19 de mayo de 2024

Editorial ¿Se Cierra la Billetera del Consumidor Colombiano?

Por La Redactora
15 de marzo de 2024
Por La Redactora
15 de marzo de 2024

A pesar de superar la escasez y la inflación decreciente, los comerciantes colombianos se encuentran al borde de un abismo de demanda en caída libre.

 

En su Bitácora Económica más reciente, la Federación Nacional de Comerciantes (Fenalco) ha revelado una dura realidad que impacta al comercio colombiano: los volúmenes de ventas de febrero de 2024 han alcanzado el registro más bajo desde 2017. Este dato no es simplemente una estadística más en el vasto océano de cifras económicas, sino un indicador preocupante de un problema que parece haberse arraigado en el sector comercial del país.

A pesar de haber superado la escasez de productos y de presenciar una disminución en la inflación, los comerciantes se enfrentan ahora a un precipicio de demanda decreciente. La inflación, ese espectro que ha acechado la economía colombiana, parece estar retrocediendo, pero no por las razones que muchos esperarían. La teoría que gana terreno es que la reducción de la inflación no es el fruto de un mercado equilibrado, sino la consecuencia directa de un consumidor que ha cerrado su billetera frente al alto costo del dinero y unos precios que se disparan desproporcionadamente en comparación con los ingresos familiares.

Las cifras respaldan esta teoría. El Departamento Administrativo Nacional de Estadística (DANE) ha informado que la producción de la industria manufacturera experimentó una caída del 4,3% en enero de 2024. Sectores clave como la fabricación de vehículos automotores, los productos textiles y la confección de prendas de vestir han sufrido descensos significativos, con reducciones del 34,3%, 19,8% y 14,0% respectivamente.

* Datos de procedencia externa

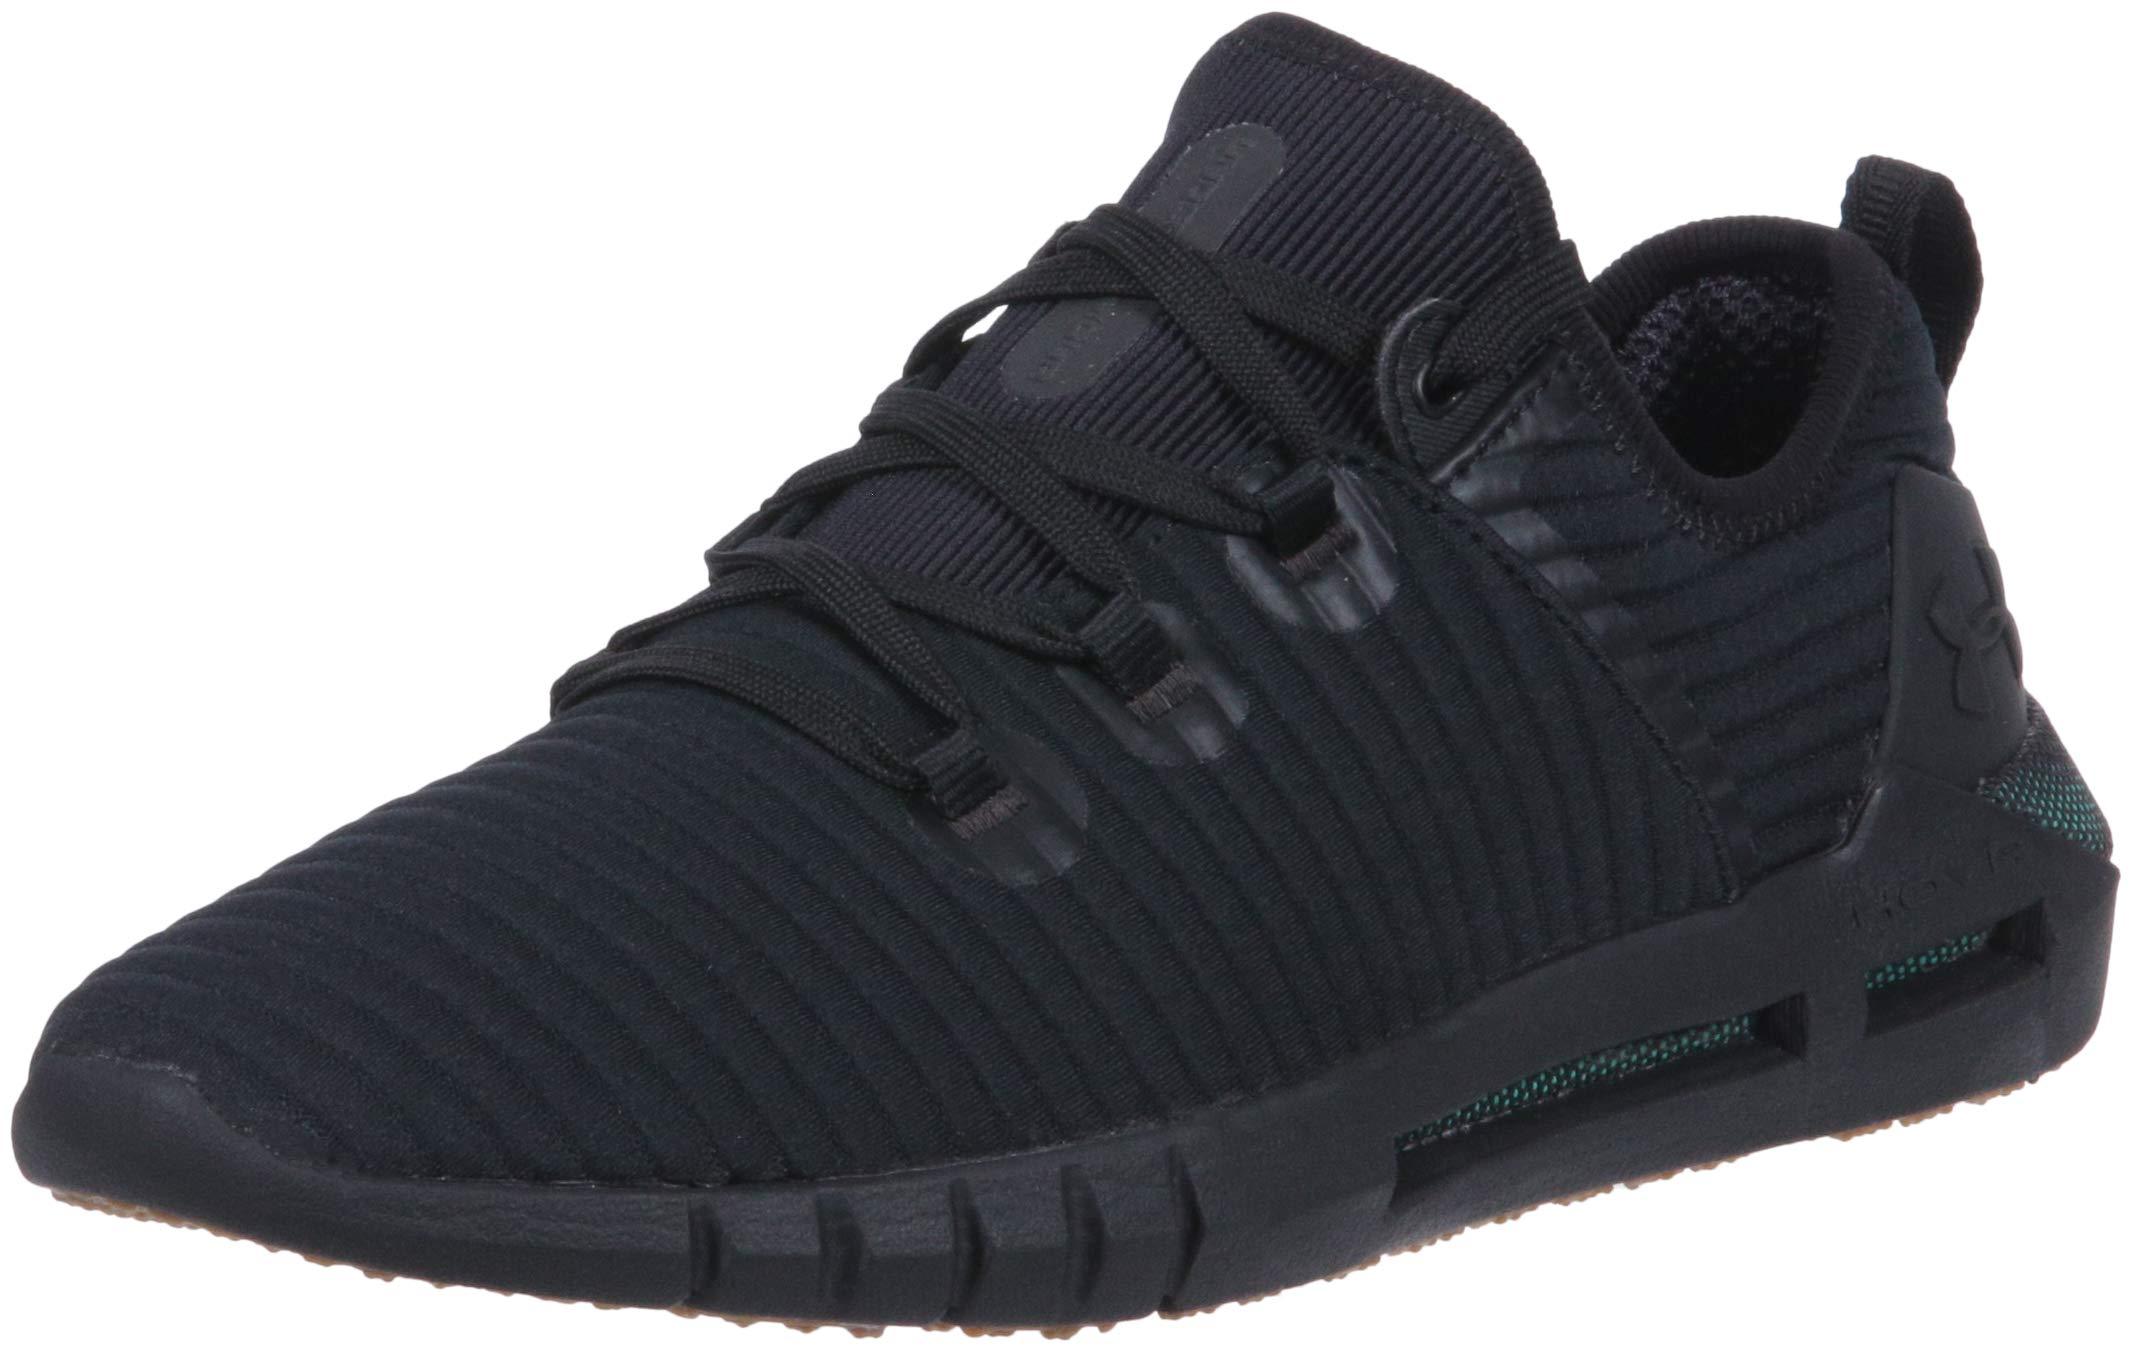 Under Armour Men's HOVR SLK LN Sneaker, Black (001)/Charcoal, 9.5

Este fenómeno no se limita a la manufactura; se proyecta como una sombra sobre otras industrias esenciales como la construcción y el comercio. El consumo, ese motor de la economía, parece haberse estancado, con los ciudadanos reacios a gastar debido a las altas tasas de interés y a una notable falta de nuevas oportunidades de empleo formal. Este panorama desalentador empuja a la economía hacia un estado de letargo, un limbo peligrosamente cercano a la deflación.

Frente a este escenario, el gasto público surge como un faro de esperanza, la posible solución para reactivar el consumo y revitalizar una economía que hoy se encuentra en un punto de inflexión. Sin embargo, con la ejecución extremadamente baja de la inversión pública, ¿será esto posible?